При полуоткрытом рте больного отводят шпателем или зеркалом щеку кнаружи. Иглу располагают под углом 45° к гребню альвеолярного отростка, скос ее должен быть обращен к кости. Вкол иглы производят на уровне коронки второго большого коренного зуба или между вторым и третьим большими коренными зубами в слизистую оболочку, отступя от переходной складки на 0,5 см кнаружи (рис. 5.15, а). Иглу продвигают вверх, назад и внутрь на глубину 2,5 см, отводя шприц кнаружи, чтобы игла все время располагалась как можно ближе к кости. Это в известной мере предотвращает повреждение артерий, вен крыловидного венозного сплетения и кровоизлияние в окружающие ткани (рис. 5.15, б). После введения 2 мл обезболивающего раствора анестезия наступает через 7—10 мин. При отсутствии больших коренных зубов ориентируются по скулоальвеолярному гребню, идущему от скулового отростка верхней челюсти к наружной поверхности альвеолярного отростка, который расположен на уровне первого большого коренного зуба. Вкол иглы делают позади скулоальвеолярного гребня, что соответствует середине коронки отсутствующего второго большого коренного зуба.

Зона обезболивания: первый, второй, третий большие коренные зубы; надкостница альвеолярного отростка и покрывающая ее слизистая оболочка в области этих зубов с вестибулярной стороны; слизистая оболочка и костная ткань задненаружной стенки верхнечелюстной пазухи. Задняя граница зоны обезболивания постоянна. Передняя граница может проходить по середине коронки первого большого коренного зуба или доходить до середины первого малого коренного зуба. Это объясняется различной выраженностью анастомозов со средней альвеолярной ветвью, а также непостоянством отхождения ее от подглазничного нерва. Верхняя средняя альвеолярная ветвь иногда отходит от ствола верхнечелюстного нерва вместе с задними верхними альвеолярными ветвями и, следовательно, может быть выключена при туберальной анестезии. В подобных случаях наступает обезболивание и верхних малых коренных зубов. Это наблюдается и при отсутствии верхней средней альвеолярной ветви, когда премоляры иннер-вируются верхними задними альвеолярными ветвями. При введении большого количества анестетика он может проникнуть через нижнюю глазничную щель в нижнеглазничный желобок и также блокировать среднюю верхнюю альвеолярную ветвь.

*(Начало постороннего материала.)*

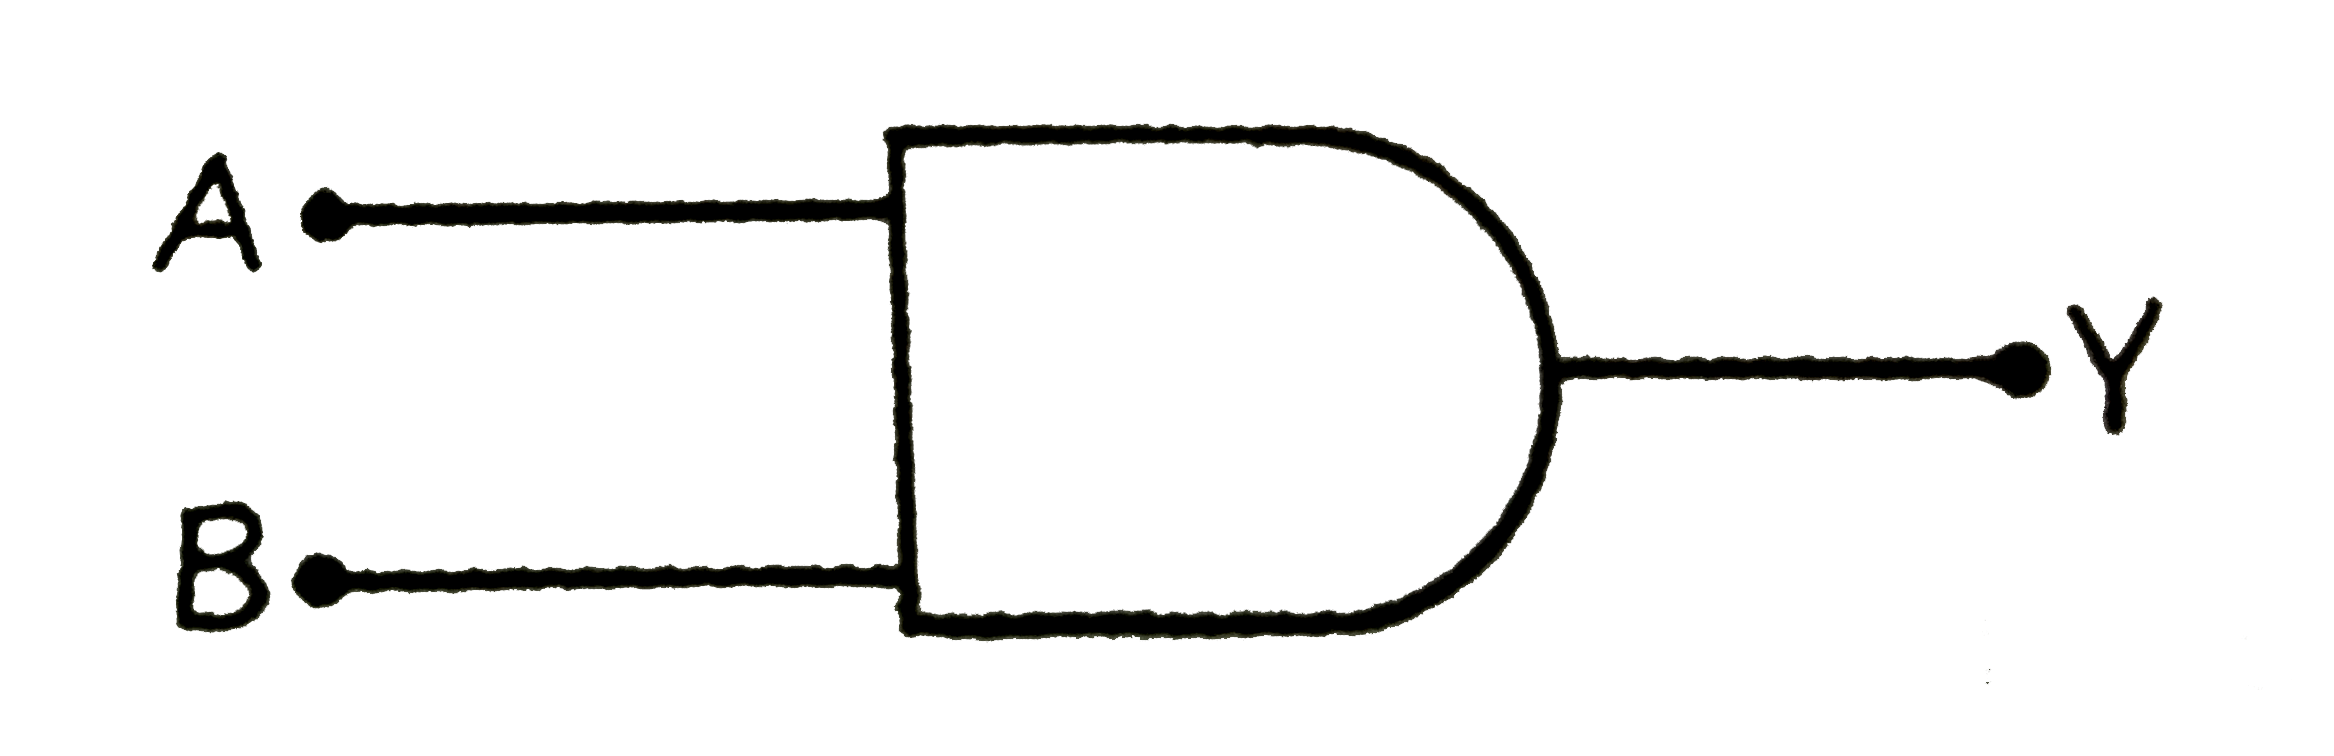 चित्र में प्रदर्शित लॉजिक गेट का संकेत चित्र दिया गया है ।      (i) लॉजिक  गेट का नाम तथा सत्यता सारणी लीखिए ।    (ii) A  व B को दिए गए निवेशी  सिंग्नलो  का निर्गत सिंग्नल प्रदर्शित कीजिए ।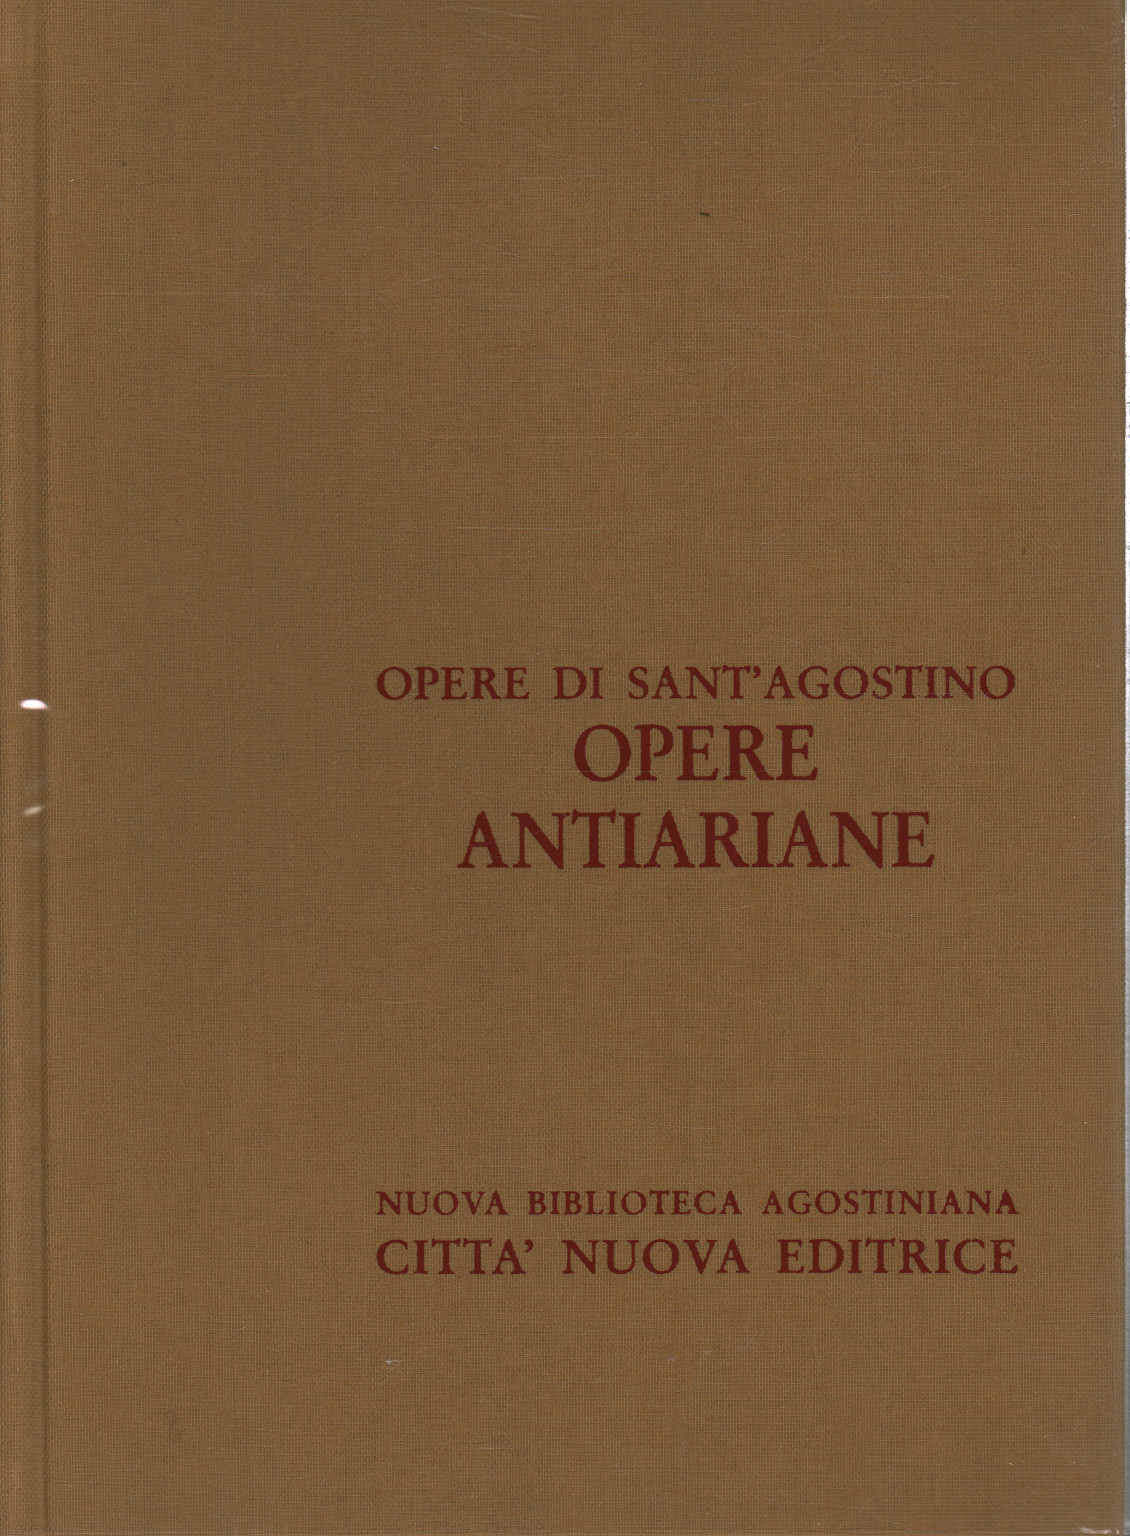 Opere antiariane (Volume XII/2)

Осложнения. При туберальной анестезии возможны ранение кровеносных сосудов и кровоизлияние в окружающие ткани, в некоторых случаях — образование гематомы. При введении анестетика с адреналином в кровеносное русло возможны расстройства сердечно-сосудистой и дыхательной систем. Для профилактики осложнений необходимы соблюдение техники анестезии, постоянное впрыскивание анестетика при введении иглы в глубь тканей, что способствует отодвиганию кровеносных сосудов. В случае ранения сосудов и возникновения кровотечения следует прижать кровоточащую точку, а для профилактики образования гематомы — наложить давящую повязку на щечную область (верхнезадний отдел се) на несколько часов. Для предупреждения введения анестетика в кровеносное русло перед впрыскиванием раствора надо потянуть поршень на себя и убедиться в отсутствии крови в шприце; при поступлении ее необходимо изменить положение иглы и только после этого вводить анестетик.